Image preprocessing is crucial across different domains as it significantly influences the performance and accuracy of algorithms in various applications. The choice of preprocessing technique is often tailored to each domain’s specific challenges and requirements, such as enhancing image clarity, improving contrast, reducing noise, and maintaining consistent lighting. For instance, normalization is a fundamental preprocessing step to standardize the intensity distribution, as observed in techniques utilizing CNNs or PCA for facial image recognition [20,30]. Preprocessing in facial image analysis is essential as it enhances the quality and consistency of the images, which is crucial for accurate recognition and analysis. By addressing issues such as feature extraction capability, computational complexity, data dependency, robustness to noise, and scalability, preprocessing ensures that the subsequent steps in facial image processing are more effective and reliable. For example, illumination correction, as seen in DTCWT and Histogram Equalization, addresses lighting inconsistencies [23,26]. This step is crucial in applications like facial recognition, where even minor inconsistencies can lead to significant errors. The effectiveness of image preprocessing techniques in classification tasks largely depends on the specific nature of the images and the classification problem. Alignment techniques, such as landmark detection and HOGs, ensure consistent face positioning, improving feature extraction reliability [31]. While preprocessing can significantly enhance model performance, it can also introduce challenges and limitations that must be carefully managed. For example, edge detection methods like Gabor Wavelets or Laplacian can highlight critical features but are sensitive to noise [21,32]. The key is to select and apply preprocessing techniques that best align with the data’s characteristics and the classification task’s goals.
Grayscale and color space conversion simplify data but may result in the loss of important color information, impacting feature extraction, as seen in preprocessing techniques involving grayscale conversion with CNN- and PCA-based methods [20,30]. Histogram equalization enhances contrast but can amplify noise, affecting robustness, as demonstrated in CNNs and histogram equalization approaches applied to FERET datasets [23]. Image scaling standardizes images but may blur details, reducing feature extraction quality, as noted in alignment-based techniques like HOGs and landmark detection [31]. Noise reduction, like Gaussian filtering, is adequate but risks smoothing key features, impacting robustness, which aligns with observations in DTCWT-based techniques for edge enhancement [26].

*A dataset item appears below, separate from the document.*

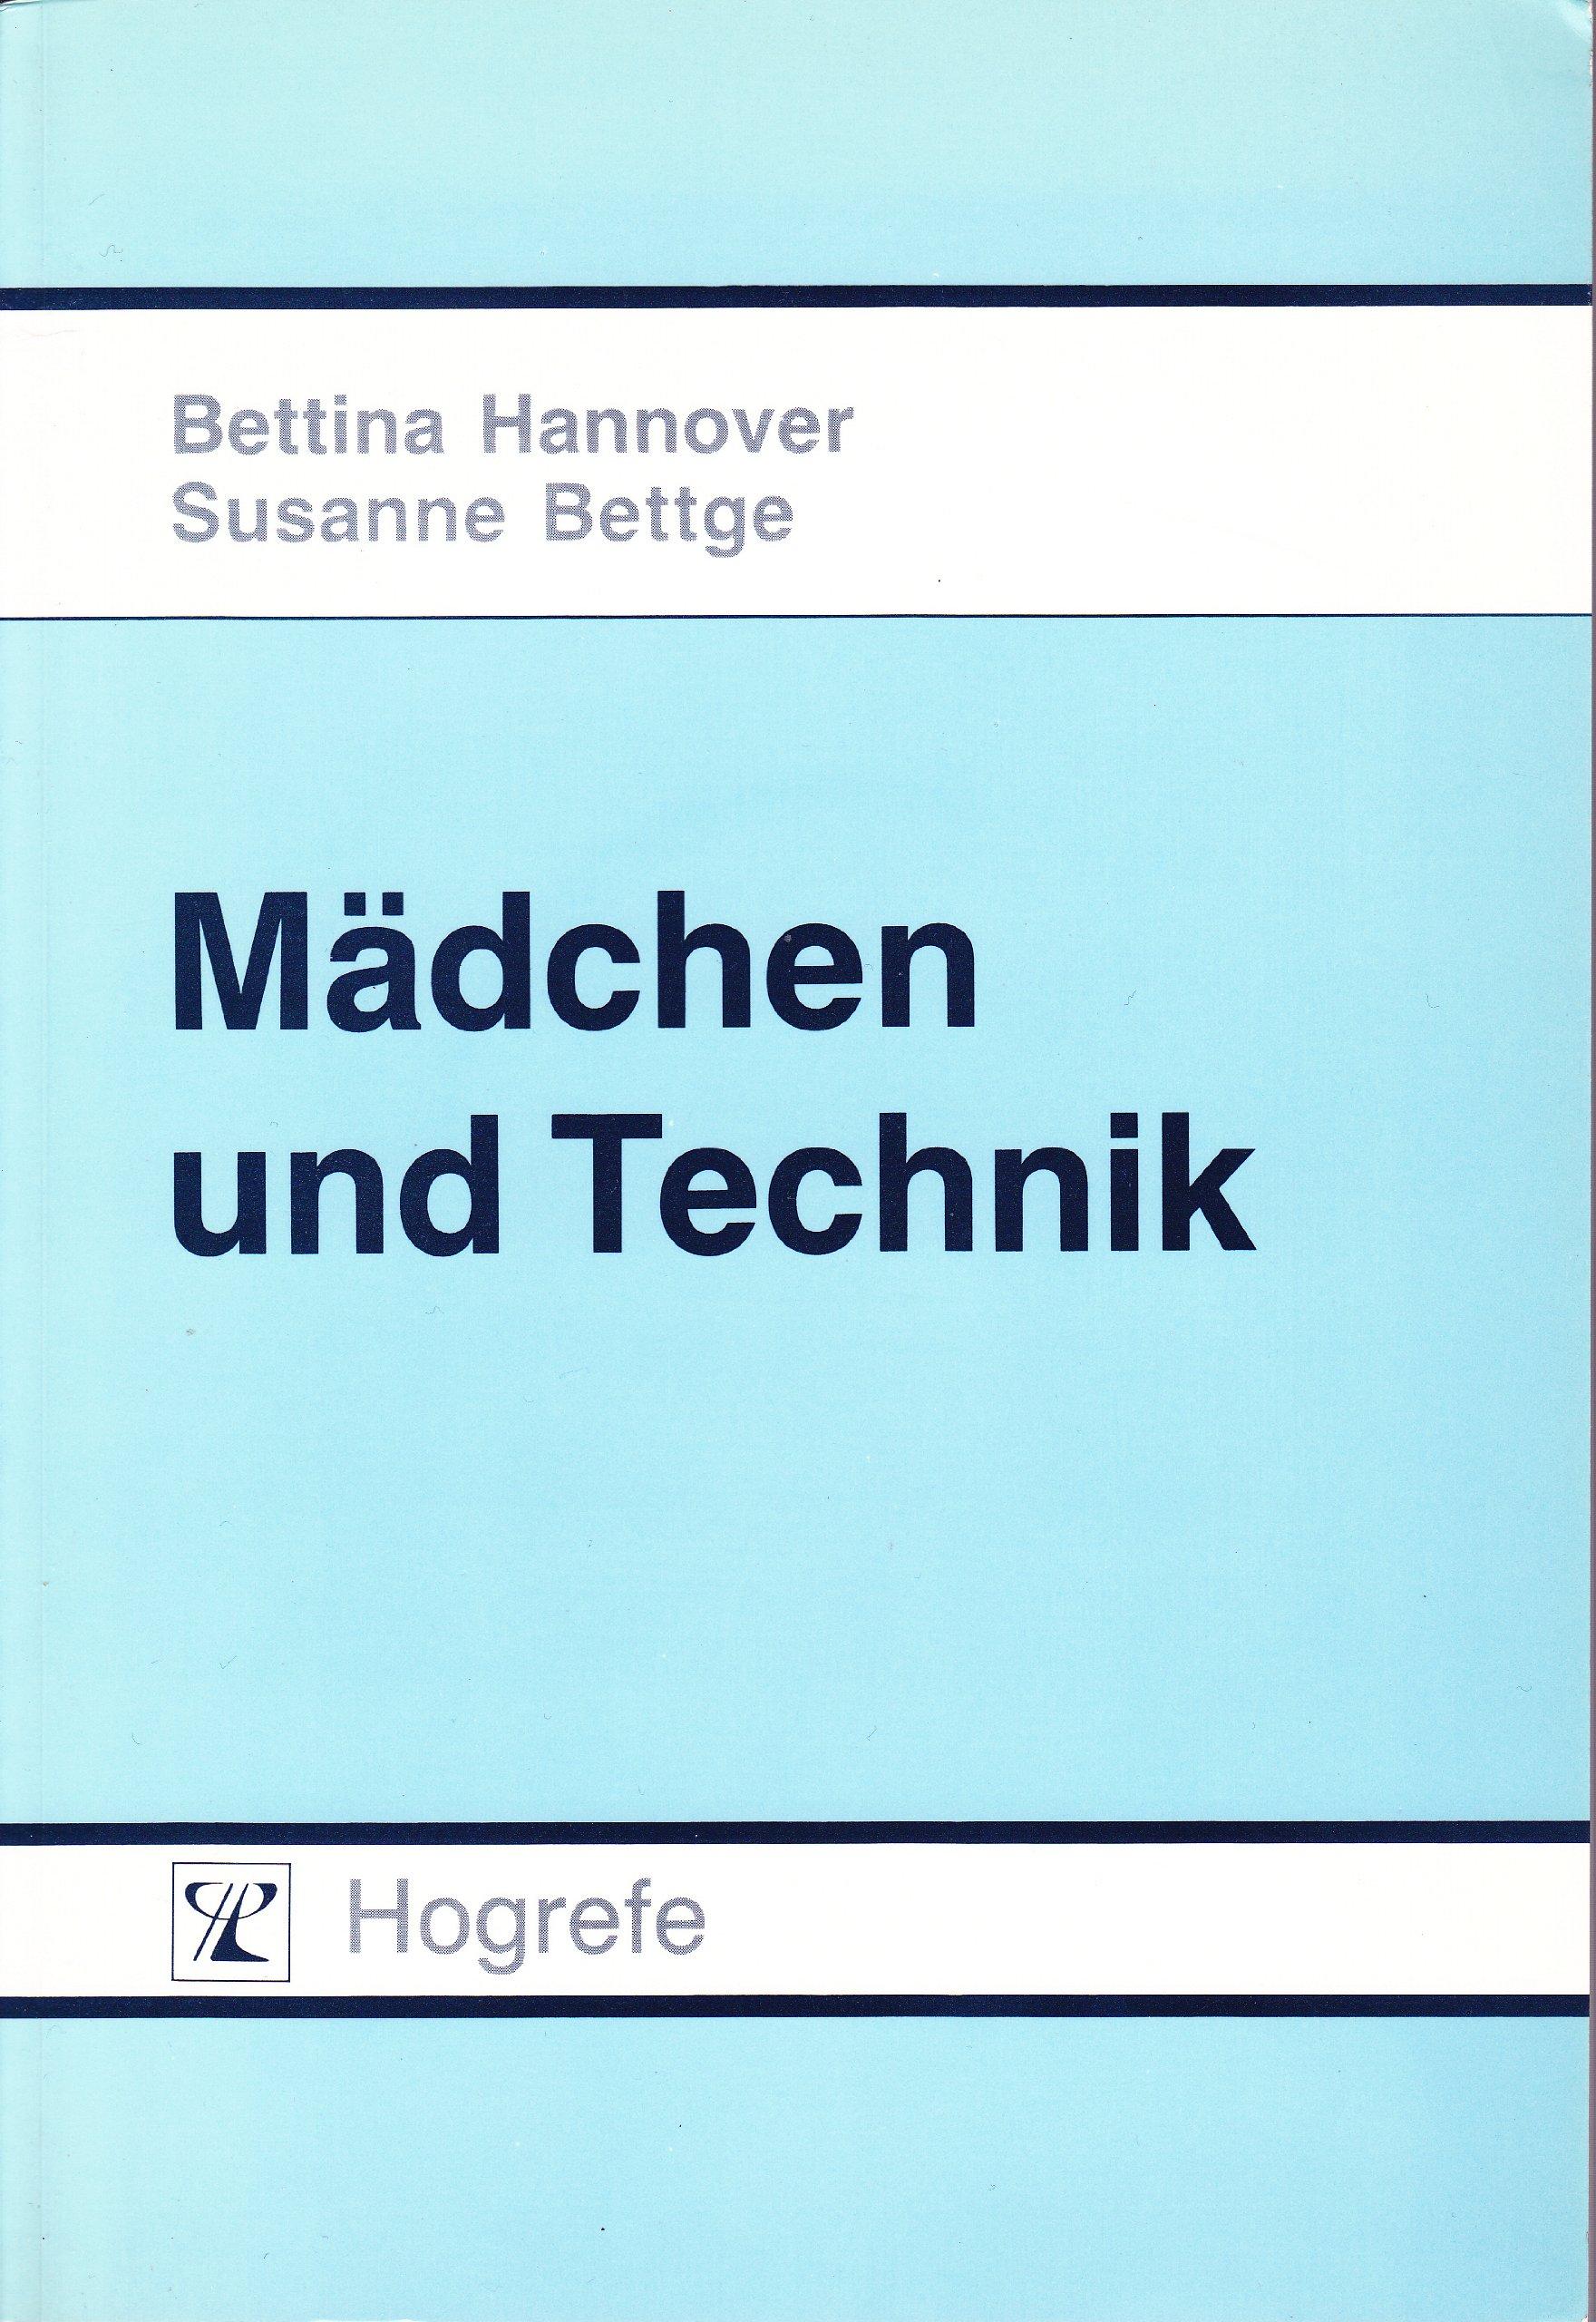 Mädchen und Technik: Amazon.de: Bettina Hannover, Susanne Bettge: Bücher

Image normalization and face alignment improve consistency but are sensitive to lighting and landmark accuracy, highlighting data dependency, as evidenced in methods leveraging DNNs and alignment on datasets such as CFPW and VGGFace2 [22]. Cropping and region of interest extraction isolate regions but may result in the loss of external details, affecting scalability, as noted in Haar Cascade and CNN techniques used on LFW datasets [7]. Edge detection and geometric transformations aid feature extraction but can introduce noise or distortions, impacting robustness and scalability, as demonstrated in approaches utilizing Gabor Wavelets and Canny edge detection [11,21]. Principal component analysis and Gabor Filters provide robust feature extraction but have high computational demands and potential information loss, as observed in PCA-Gabor techniques used on CK+ datasets [33]. Image augmentation enhances data diversity but risks overfitting, affecting scalability, as shown in data augmentation strategies in CNN-based models [34]. Laplacian of Gaussian aids edge detection but is noise-sensitive, impacting robustness, as highlighted in edge-focused segmentation techniques [32]. Overall, selecting techniques requires balancing these factors to optimize facial image processing.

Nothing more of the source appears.